Now we both have no rules. I cast aside all my preconceptions, everything I thought and believed about the Sinsar Dubh, and begin at ground zero. What is the Book really? How much control over me does it really have?

I realize, much to my surprise, that it’s oddly fascinating being nothing but a consciousness. It’s strangely…freeing. Not that I’d choose to stay in this state, but it’s much easier to focus my thoughts. I feel no pain. Nothing hurts or itches or is getting stiff from sitting in one position too long. I’m not worried about how my hair or nails look because I don’t have any. I’m not hungry. I don’t need to go to the bath—

Oh, God, but it does now!

The mouth I don’t have wants to laugh. I wonder how that’s going for it, as it tries to acclimate to the demands of my body with no instruction manual. It suffers limits it never used to have. Like the Unseelie, newly released from their prison, it must be ruled by endless, stupefying hunger—only unlike them, it now has a body it has no experience in caring for, and will make mistakes.

Good. I hope it’s struggling.

Not too much, I amend hastily, because I’d really like my body back in one piece. I hope it flounders just enough to fuck it up royally.

My copy of the Sinsar Dubh has never been corporeal except for a few murderous hours, and now it needs to pee, and eat, and wash (I hope), and do all those other taxing, distracting things humans have to do on a daily basis.

It occurs to me that these early hours, or days or whatever is passing, are when it’s going to be at its weakest, while it adjusts. I hope Barrons figures that out.

A coldly analytical sentience studied me my whole life, probing for weaknesses.

Two can play that game.

SOMETHING’S HAPPENING TO ME! WHAT IS IT?

The Book’s panicked thought echoes like thunder off mountains, thrilling me. I expand my awareness, reaching out, pressing at the indefinable limit of walls I feel somewhere around me. Why are we bleeding into each other? Is it playing a game with me? Trying to trick me, lull me into some other mistake? Are there any more mistakes I can even make? Or is it weakening for real?

I’m not alone. It’s in here, too. In me. We’re both in me. A barrier separates us but a barrier can be breached.

I will hunt it.

I will find it.
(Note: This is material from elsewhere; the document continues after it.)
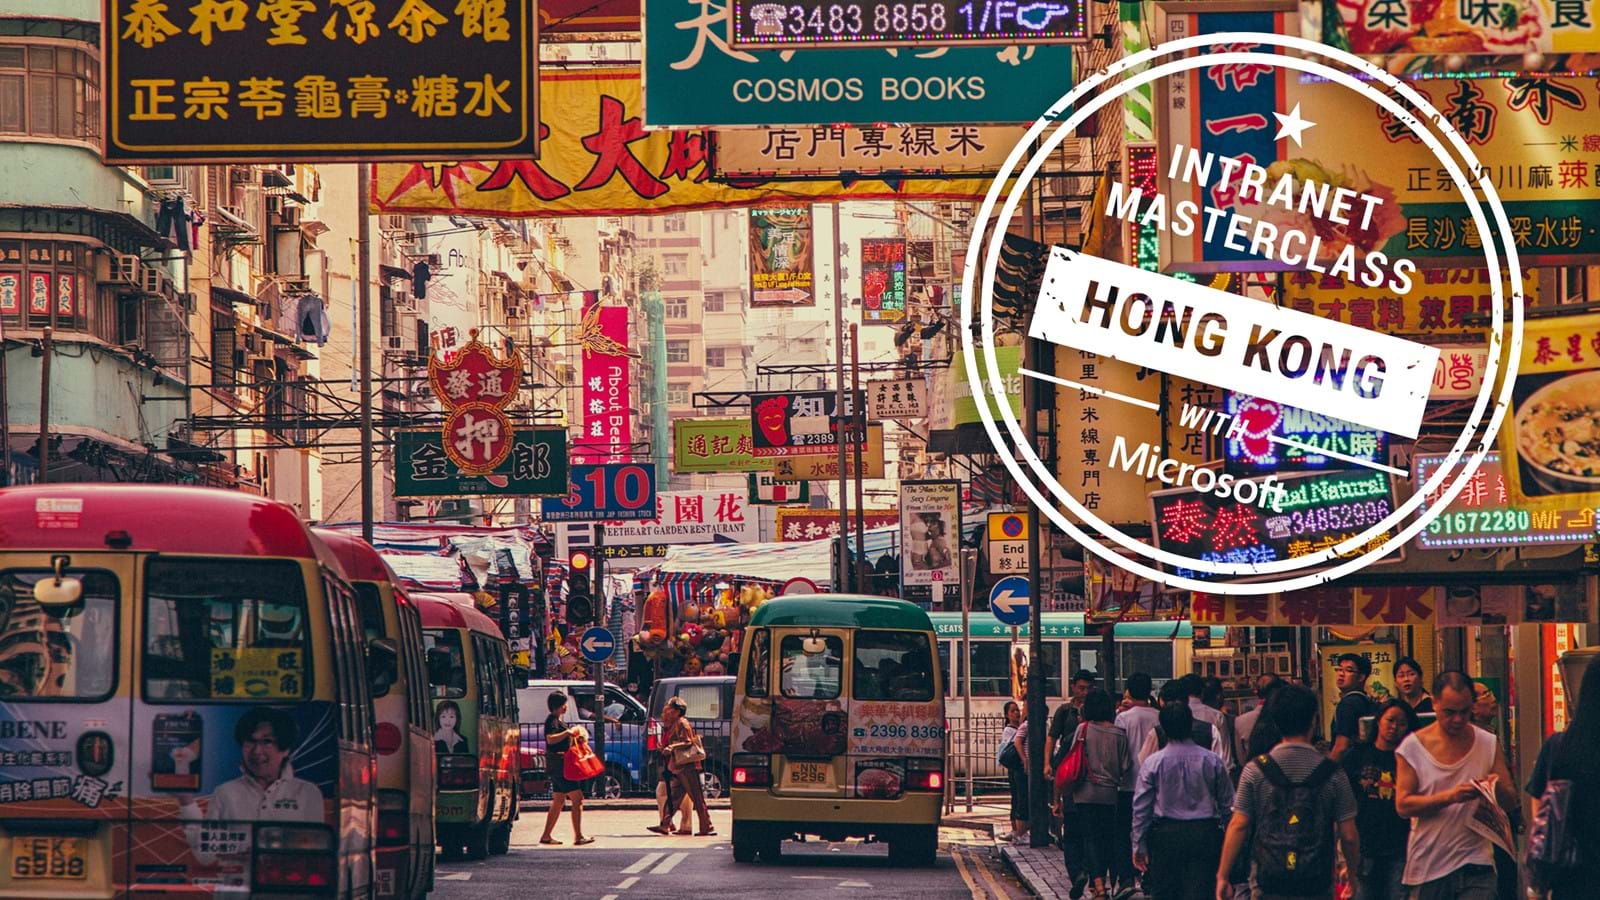 Unily's FREE Virtual Intranet Masterclass in Hong Kong

Study it. Identify its cracks and flaws and weaknesses that can be exploited. I dredge up the information I learned in my abnormal psych course—surprisingly easy in here with no distractions—and reflect upon the characteristics of borderline personalities. This isn’t a battle of magic, it’s a battle of “frame”—that construct of reality we adopt as our own, what we believe about ourselves and our relation to the world. I have to change the Book’s frame the way it changed mine, chipping away at it, recasting it so it loses control. But first I have to get to it.